FRIDAY NIGHT: Increasing clouds, light southwest wind, alpine temperature -18 C, freezing level below valley bottom.
SATURDAY: Cloudy with snowfall, accumulation 5 to 10 cm, moderate to strong southwest wind, alpine temperature -12 C, freezing level below valley bottom.
SUNDAY: Cloudy with light snowfall, accumulation 2 to 5 cm, moderate to strong southwest wind, alpine temperature -7 C, freezing level below valley bottom.
MONDAY: Cloudy with snowfall, accumulation 5 to 10 cm, moderate to strong southwest wind, alpine temperature -5 C, freezing level 1200 m.

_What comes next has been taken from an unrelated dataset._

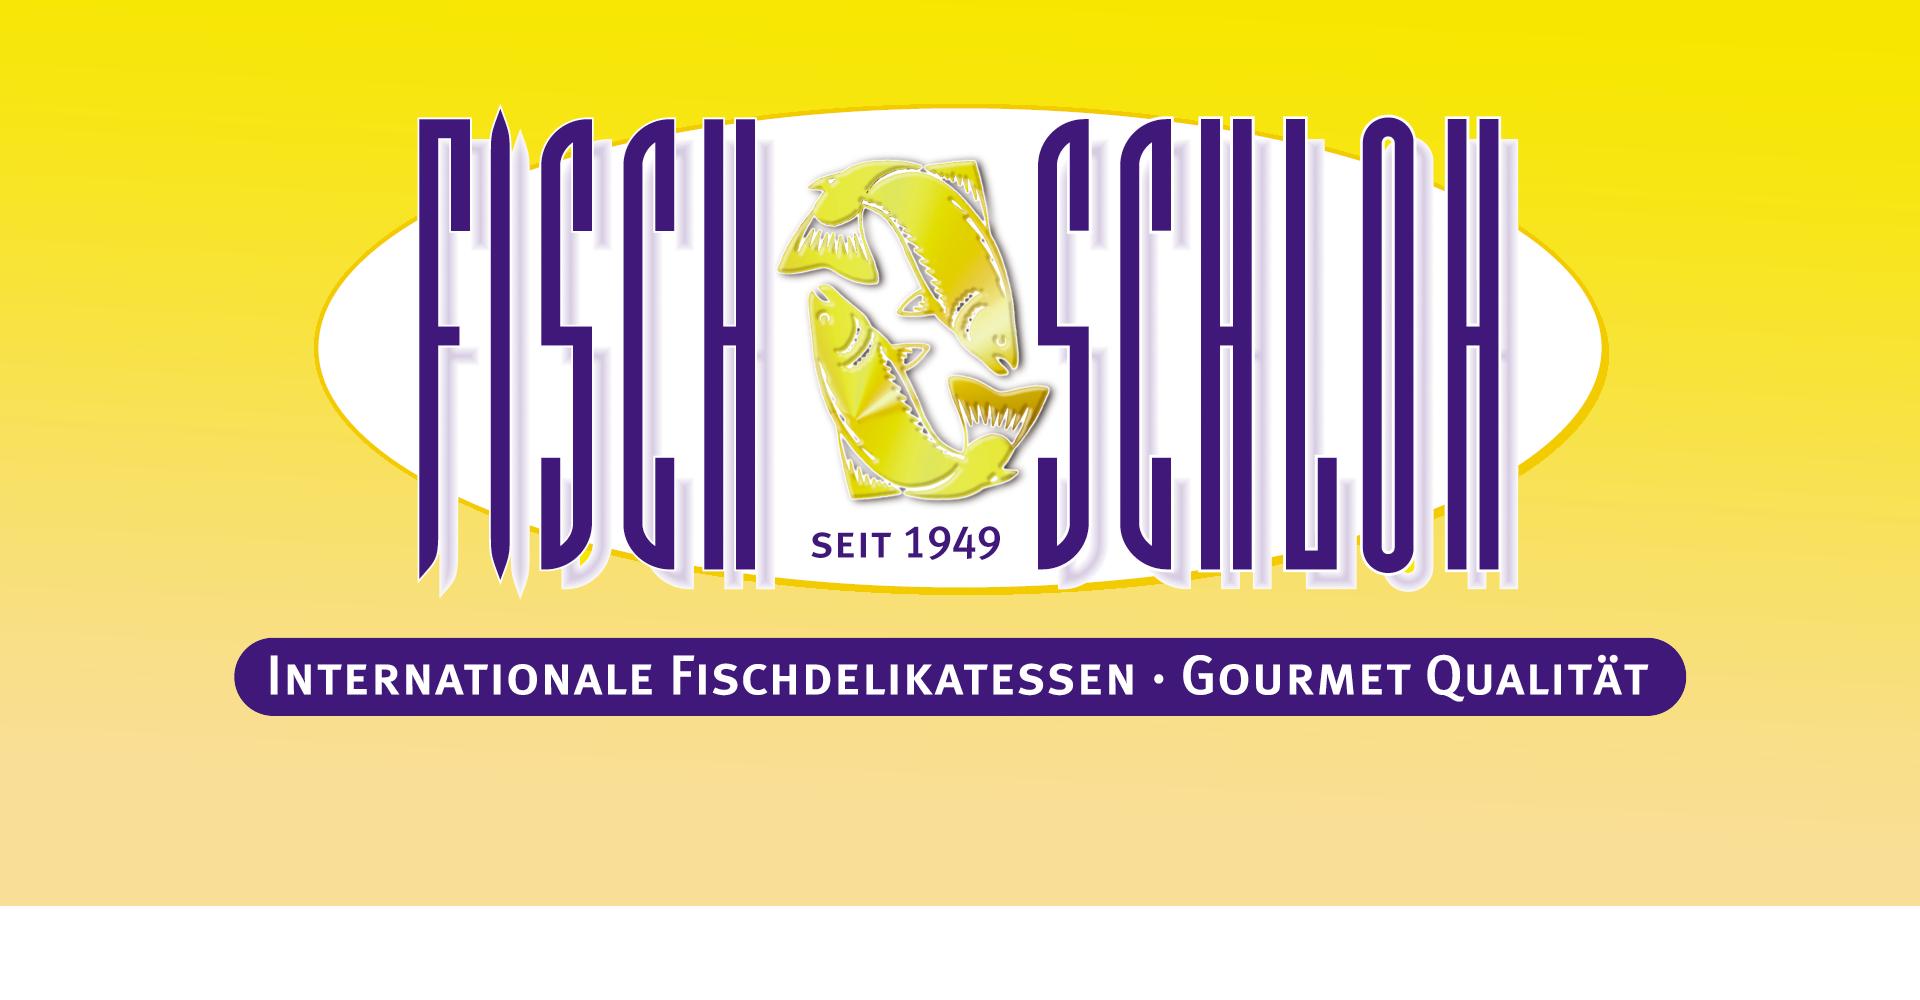 Fisch Schloh GmbH –Fischdelikatessen –Slider Title
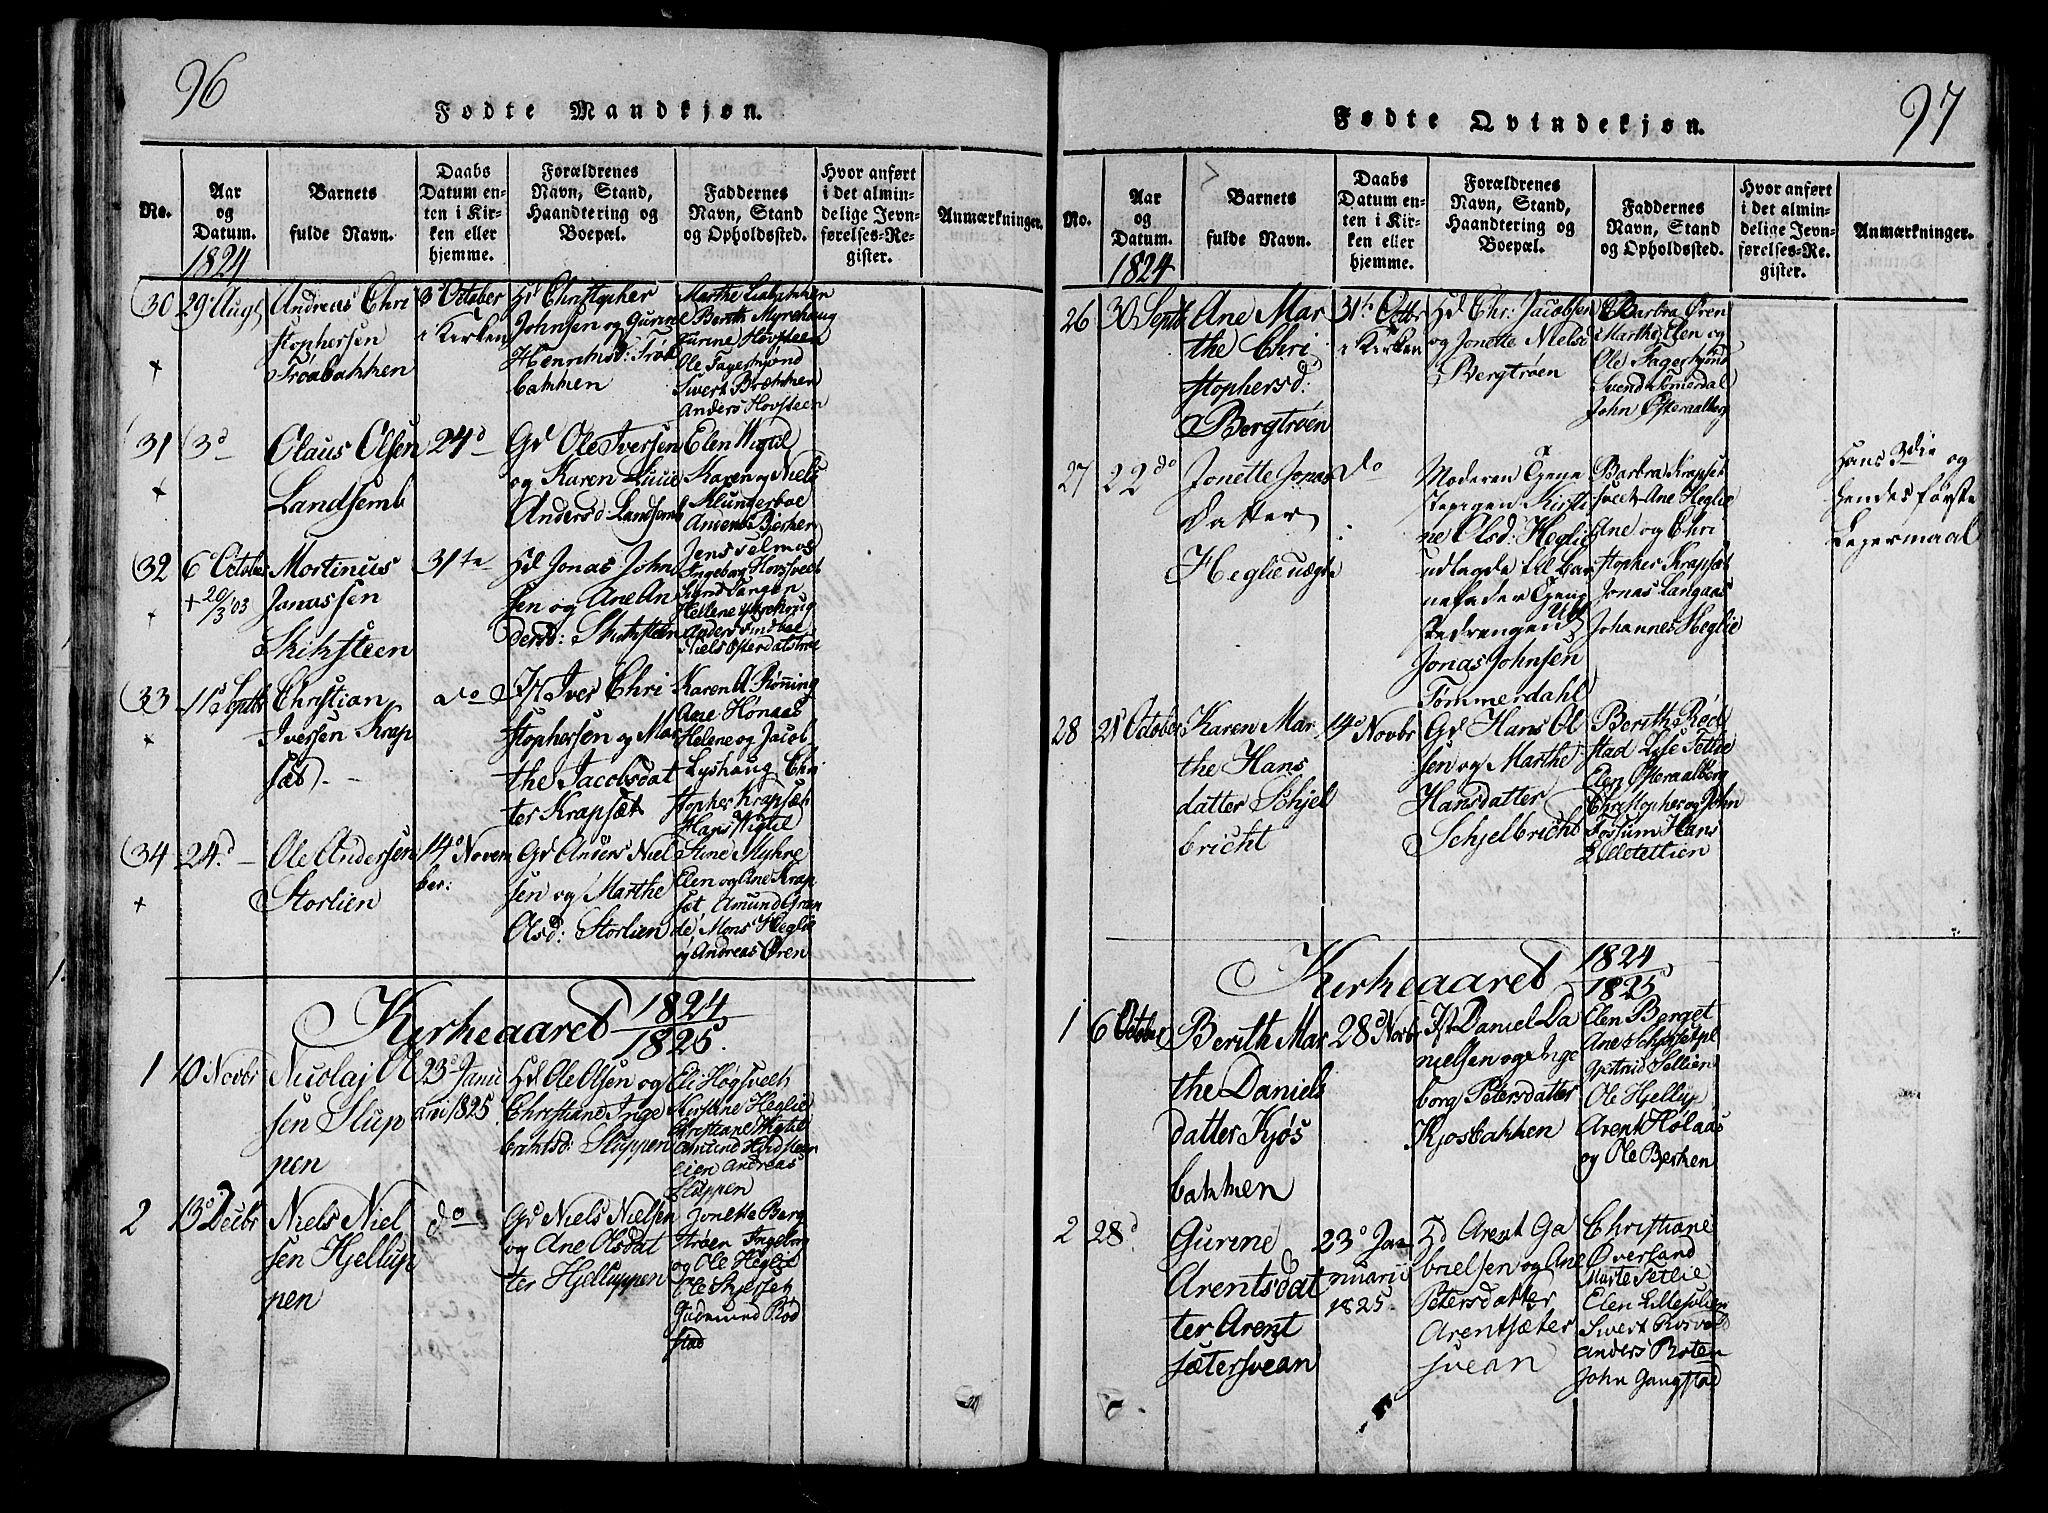 SAT, Ministerialprotokoller, klokkerbøker og fødselsregistre - Nord-Trøndelag, 701/L0005: Ministerialbok nr. 701A05 /1, 1816-1825, s. 96-97

Avalanche activity has quieted down over the past few days, but light snowfall and southwest switching to northeast wind are likely refreshing the wind slab problem. A rise in air temperature in the coming days may increase slab properties in the recent snow.
Last weekend there were notable signs of a reactive persistent slab problem, including large whumpfs and a large snowmobile triggered avalanche in the neighbouring Clemina area (see the MIN report). The surface hoar layer responsible for this problem has been harder to find since then, but could still potentially produce large avalanches in certain sheltered slopes around treeline. The likelihood of triggering this layer could increase as the air temperature rises.
Surface conditions are variable due to the recent cold temperature and variable wind directions. Fresh wind slabs are likely present on exposed slopes at and above treeline.
The main concern over the past week has been a layer of surface hoar buried 60-120 cm beneath the surface. Although an avalanche has not been reported on this layer in the past four days, the likelihood of triggering it may increase as new snowfall accumulates and stresses it.
Terrain and Travel
- Be careful with wind loaded pockets, especially near ridge crests and roll-overs.
- Be aware of highly variable recent wind loading patterns.
- Approach steep open slopes at and below treeline cautiously, buried surface hoar may exist.
A switch of the wind direction from northeast to southwest means that wind slabs may be found on all aspects. Triggering wind slab avalanches is possible in exposed terrain at higher elevations, especially near ridges.
A layer of surface hoar buried 60-120 cm below the surface could still be reactive to human triggering in clearings around treeline.
Elevations:Treeline, Below Treeline.